I bought a new SUV (Jeep GC Diesel) and think I would rather trailer our yaks instead to putting them on top.

Does anyone have any recommendation on a dedicated yak trailer? I would rather not go the Harbor Freight route if possible.

Thanks!


----------



## JAM (Jul 22, 2002)

smlobx said:


> I bought a new SUV (Jeep GC Diesel) and think I would rather trailer our yaks instead to putting them on top.
> 
> Does anyone have any recommendation on a dedicated yak trailer? I would rather not go the Harbor Freight route if possible.
> 
> Thanks!


There is a Few Malone makes on but they are quite pricey, 2 grand range.. JAM


----------



## smlobx (Jul 3, 2009)

Thanks brotha!
Yeah I saw those as well as a few by Yakima but am looking for someone who actually has one......


----------



## g8rbait (Jun 26, 2011)

I have the Malone micro (I think) and am very happy with it. It holds my two Hobie yaks no problem. The arm that attaches to the hitch can also slide back into trailer for storage. I think it cost me about $1800 at Appomattox River Co. Only issue is that the bars the yaks sit on have sharp ends (not covered or protected) and it has taken some gashes out of kids not paying attention!


----------



## charlieru (Aug 30, 2012)

Check out my thread I posted on another forum about the one I "built" out of a jetski trailer. I did not break the bank building it and made it it easier to transport in my corolla.
http://www.snaggedline.com/showthread.php?9020-Finished-Trailer


----------



## Fish Hunter (Jul 31, 2002)

Northern Tool has a decent one for about $500


----------



## gonzofishes (Jun 27, 2014)

*Harbor Freight*

Harbor Freight sells a couple of small trailers for under $300. They can be easily customized with wood or metal to hold several yaks.


----------



## Yakkin (Jul 5, 2013)

charlieru said:


> Check out my thread I posted on another forum about the one I "built" out of a jetski trailer. I did not break the bank building it and made it it easier to transport in my corolla.
> http://www.snaggedline.com/showthread.php?9020-Finished-Trailer


That's probably your best choice right there, especially considering you can launch and retrieve off the trailer. If you are handy with tools you can mod it up yourself. Used PWC trailers around here go for about $400.


----------



## charlieru (Aug 30, 2012)

Yakkin said:


> That's probably your best choice right there, especially considering you can launch and retrieve off the trailer. If you are handy with tools you can mod it up yourself. Used PWC trailers around here go for about $400.

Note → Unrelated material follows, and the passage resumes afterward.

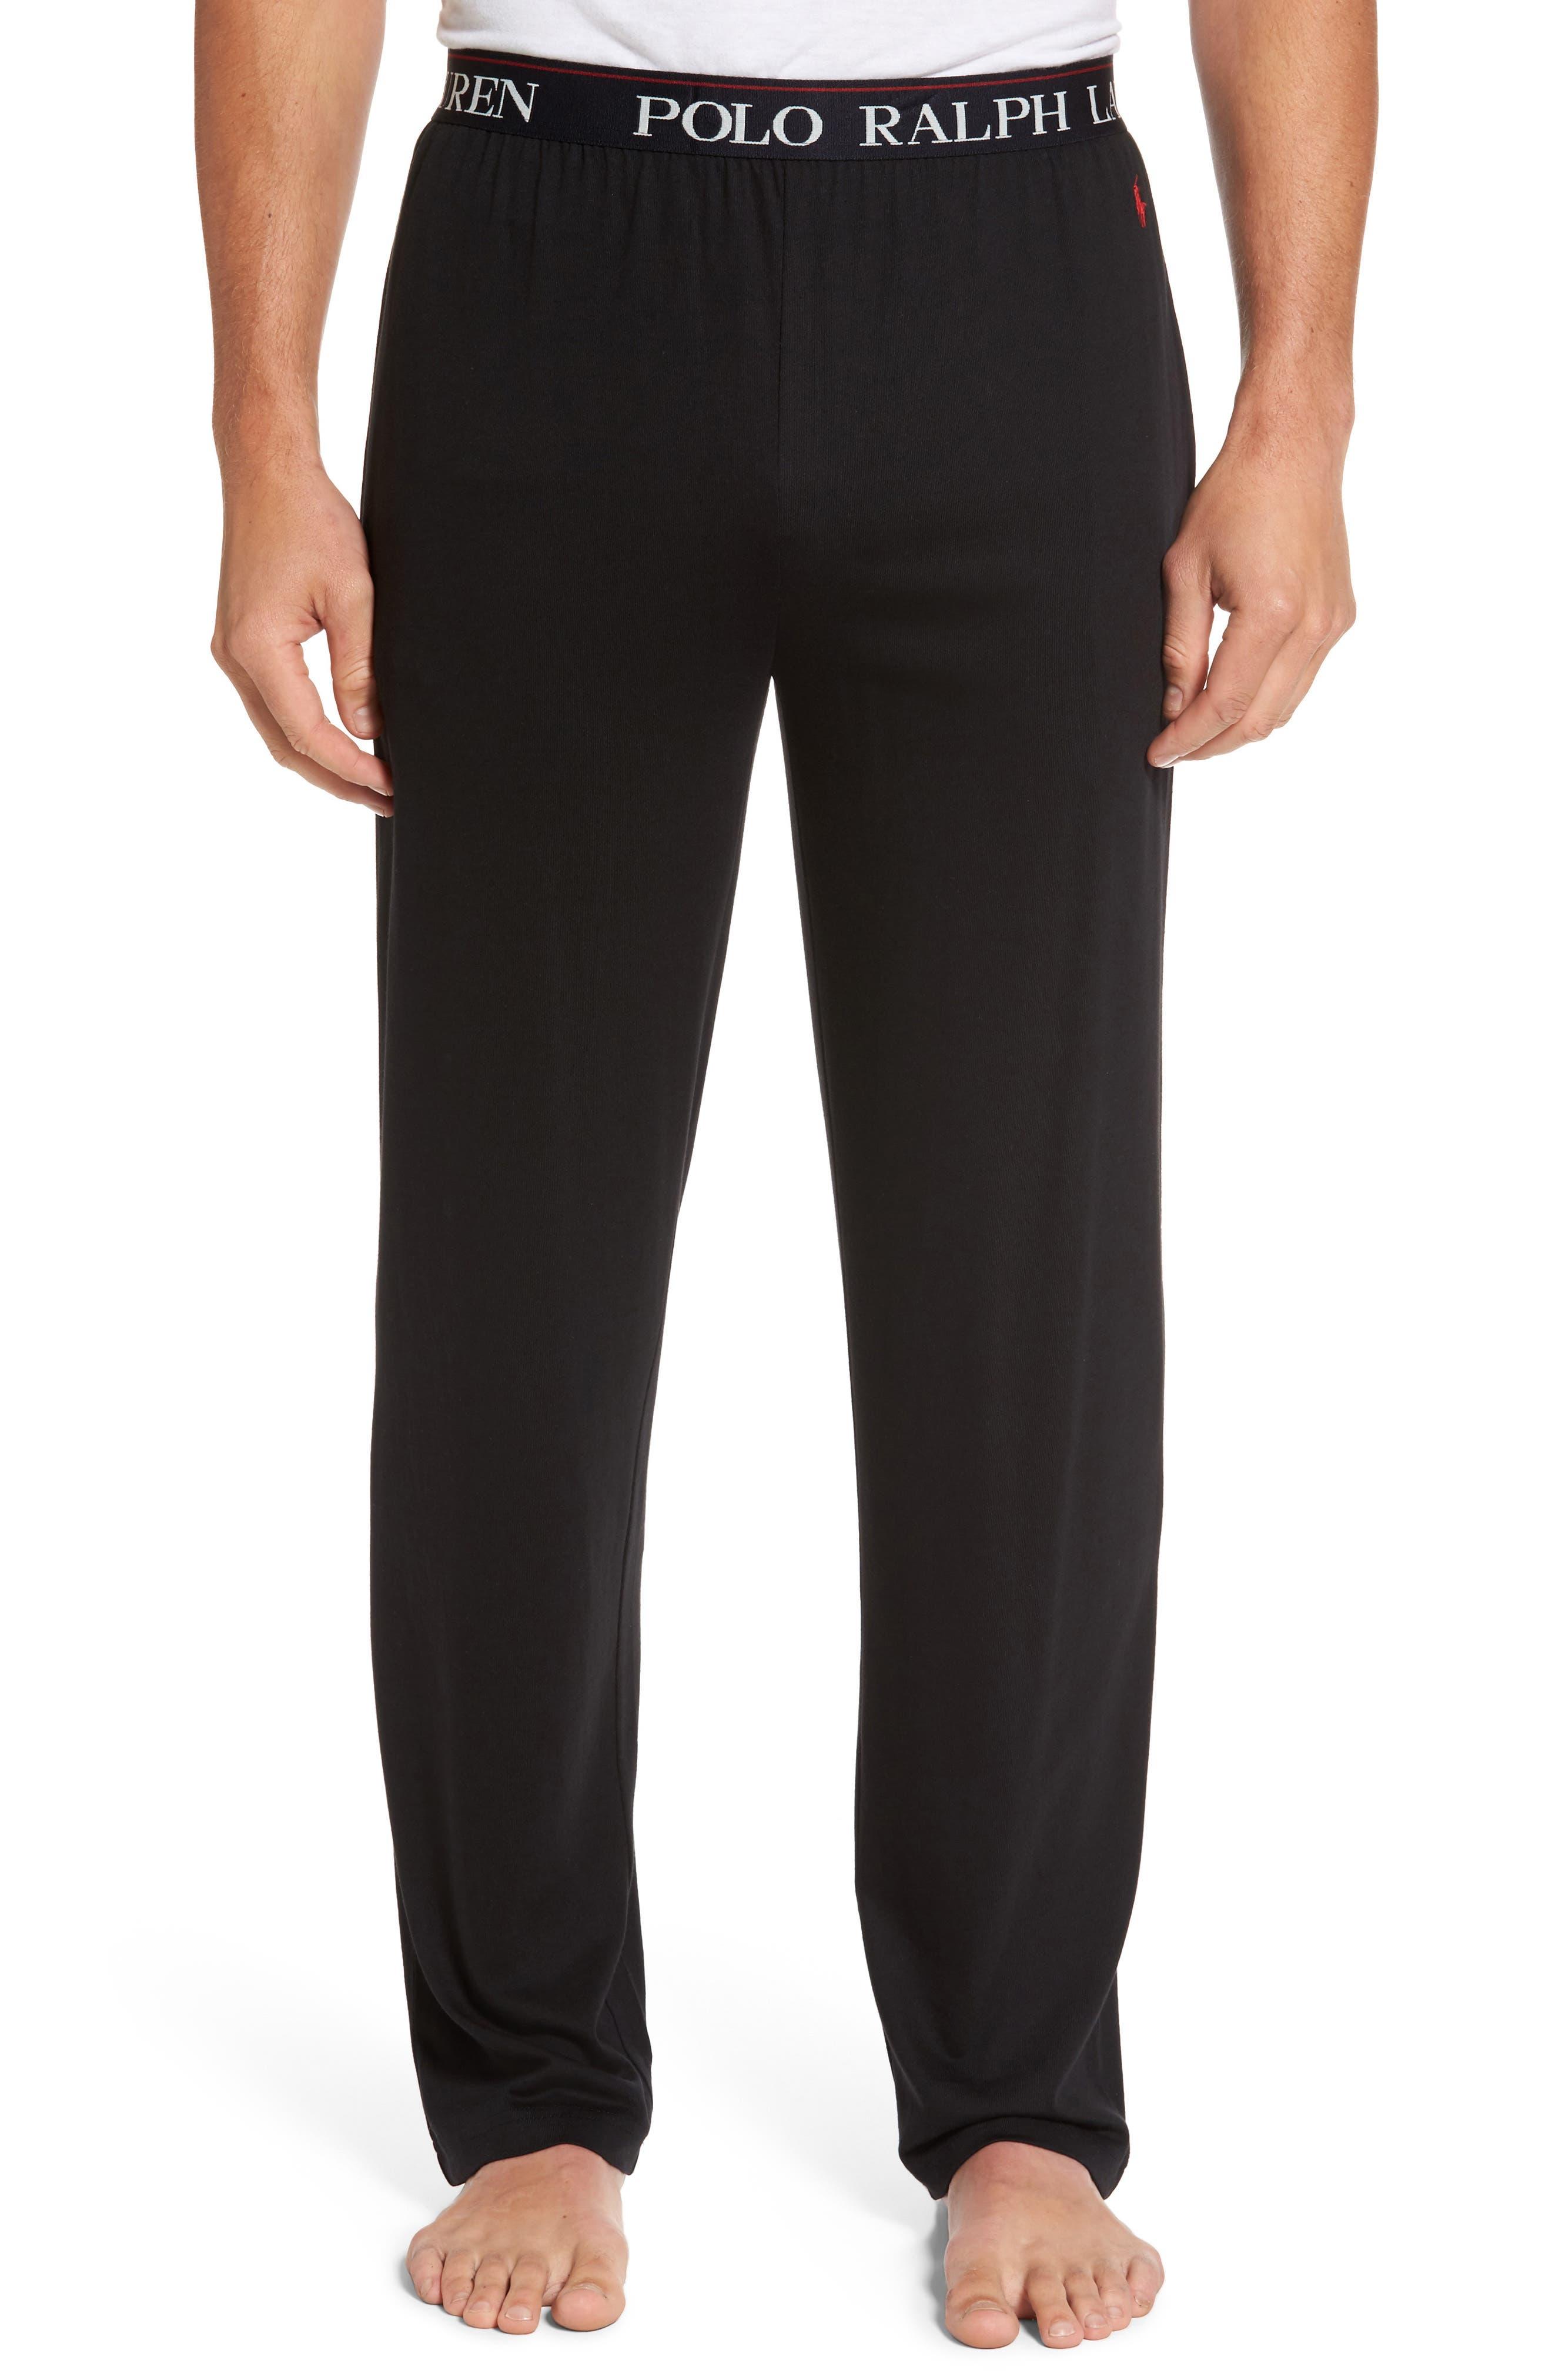 Cotton & Modal Lounge Pants,                             Main thumbnail 1, color,                             POLO BLACK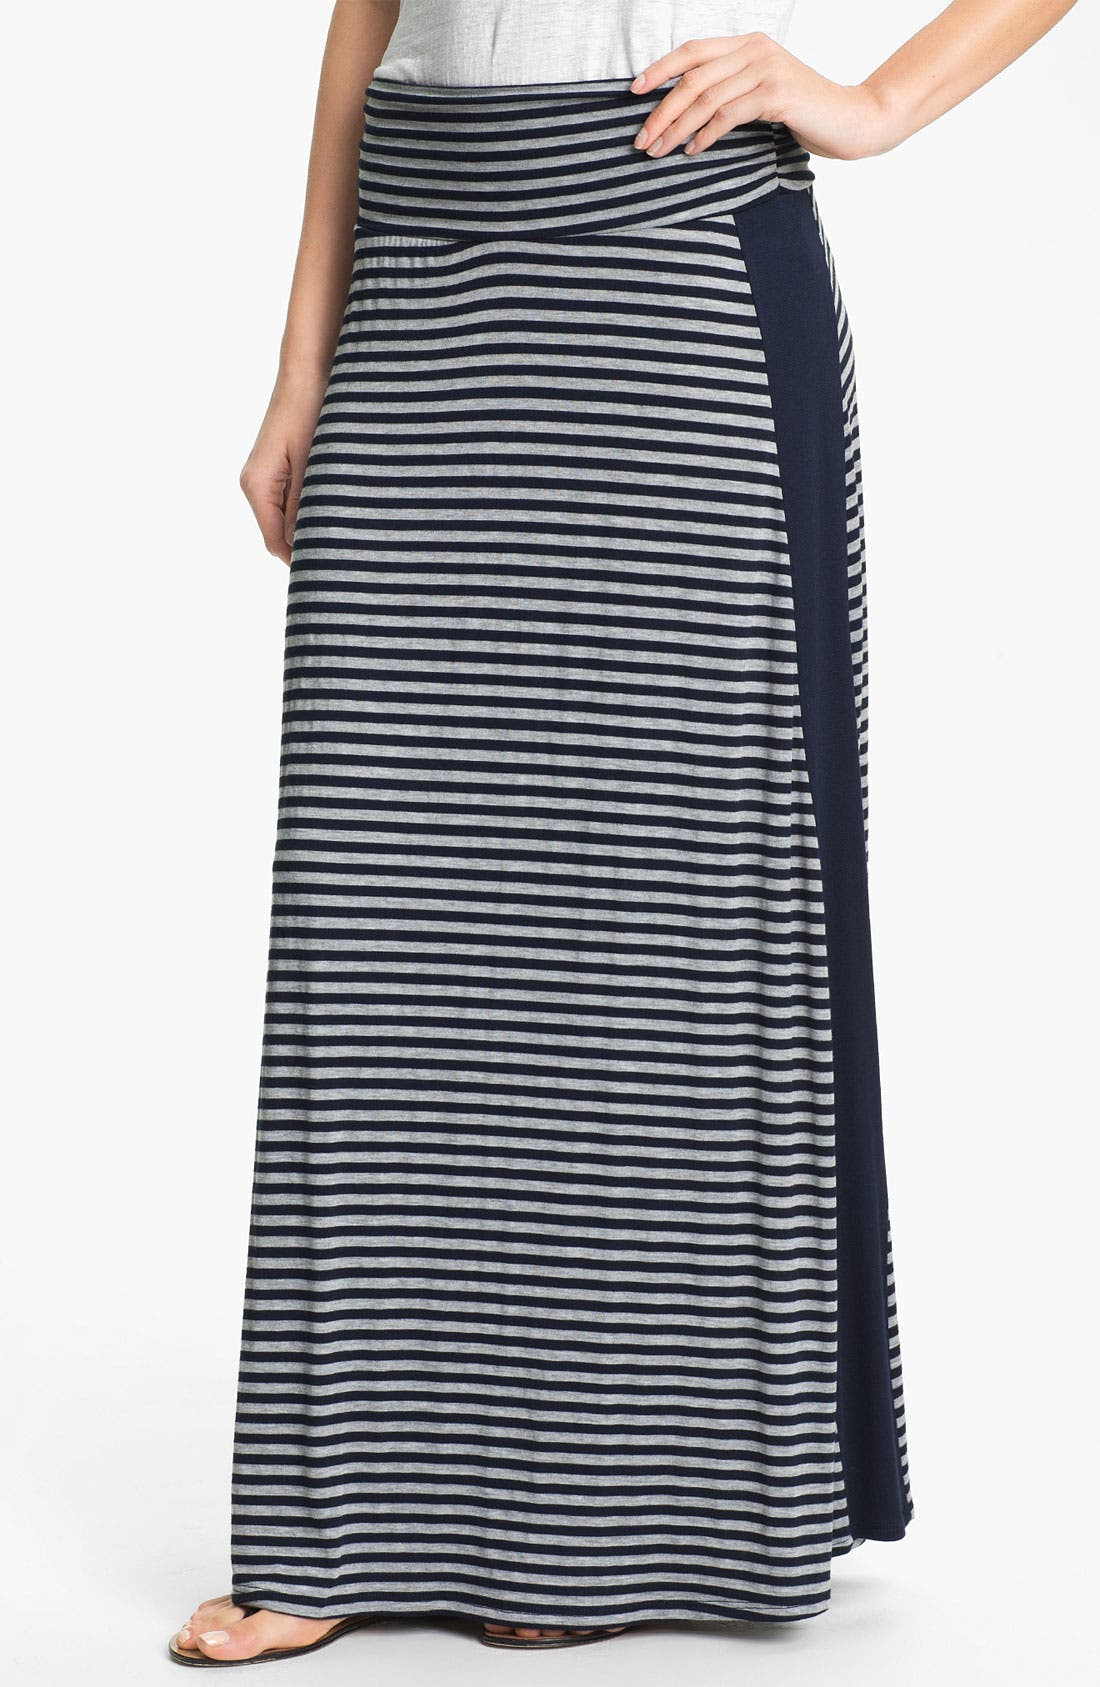 Alternate Image 1 Selected - Bobeau Tuxedo Stripe Maxi Skirt

+1 on this comment, check out the full version of it it in action. Works awesome with my small corolla.


----------



## smlobx (Jul 3, 2009)

Charlieru
Do you think you could haul 2 yaks on a single jet ski trailer?

PS nice rig!


----------



## fish militia (Nov 1, 2004)

A single jet ski trailer can easily hold two yacks after being rigged for it. My 1st trailer was a single ski trailer and it was rigged to hold 4.


----------



## charlieru (Aug 30, 2012)

smlobx said:


> Charlieru
> Do you think you could haul 2 yaks on a single jet ski trailer?
> 
> PS nice rig!


Thanks smlobx, I tell you that I can definitely rig it for two kayaks if add another set of saddles to it, and I would dare say that I can put three kayaks if I push it.


----------



## Phaedrus (Mar 25, 2011)

Bass Pro had a 2 yak trailer similar to the Malone for 799. I saw it last weekend in Richmond.


----------